In my new role as Director of Women in Leadership for Sky, building a business case hasn’t been high on my agenda. Why not? Because the business buys it: we know that diverse teams drive better business performance – we’ve read the research but more importantly, we experience it in the workplace.
The link between diversity and success is well documented; a 2015 study by McKinsey found that UK companies with 10% higher gender and racial diversity in their management teams have a 6% higher profit before tax. They make better decisions and innovate faster.
That’s why we’re committed to building a gender balanced work force as part of our talent strategy.
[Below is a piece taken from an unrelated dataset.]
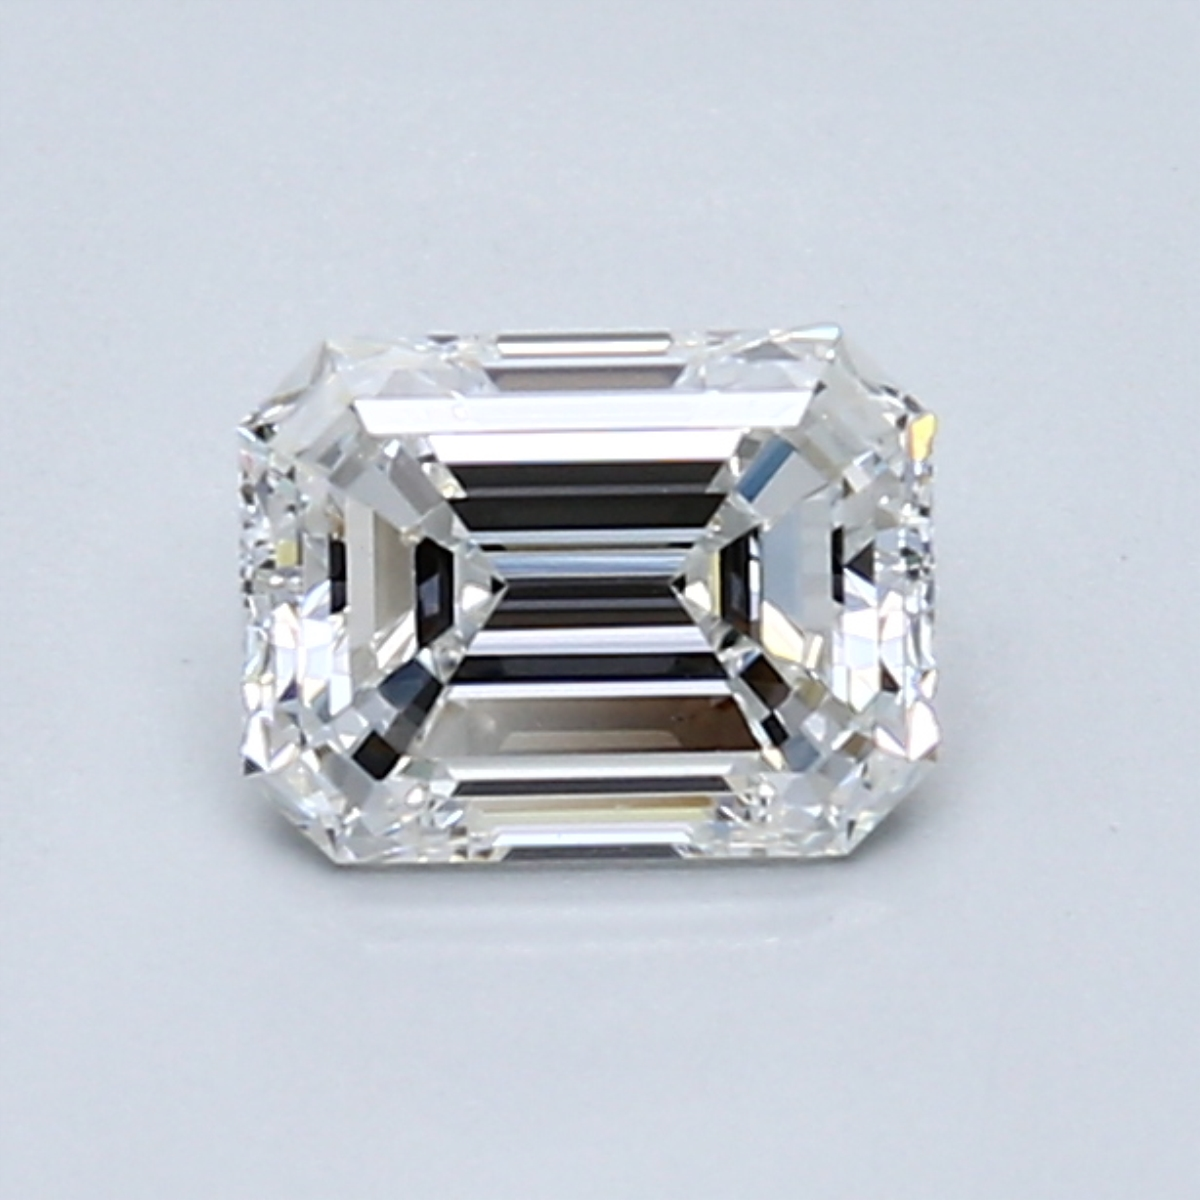 .80 carat Emerald Diamond, Very Good cut, graded by the GIA laboratories.

It makes us better at anticipating and delivering against the needs of our customer base; we have a broader set of perspectives around the table when making decisions, giving us access to a wider range of ideas and perspectives; and because, frankly, if we weren’t taking a balanced view , we’d be missing out on a whole host of talent, both within and out of the organisation.
Today, over a third of our top 500 leaders are women – not half bad, but not half either. We want to go further by supercharging Sky’s talent and attracting great external talent. Over time, we want to move the gender balance to just that: a 50/50 split.
To do this, we’re taking a long term view. This isn’t something that we’re going to be able to achieve overnight, and nor should we try. If we just wanted to hit the number, that would be relatively straightforward, but if we want to drive business performance through this programme, that’s harder. We’re most definitely in the latter camp: after all, we’re not in the business of diversity; we’re interested in how diversity can drive performance. To put it bluntly, it’s not about employing and promoting more women, it’s about ensuring we’re creating a strong pool, a stronger pipeline and the strongest candidates for roles.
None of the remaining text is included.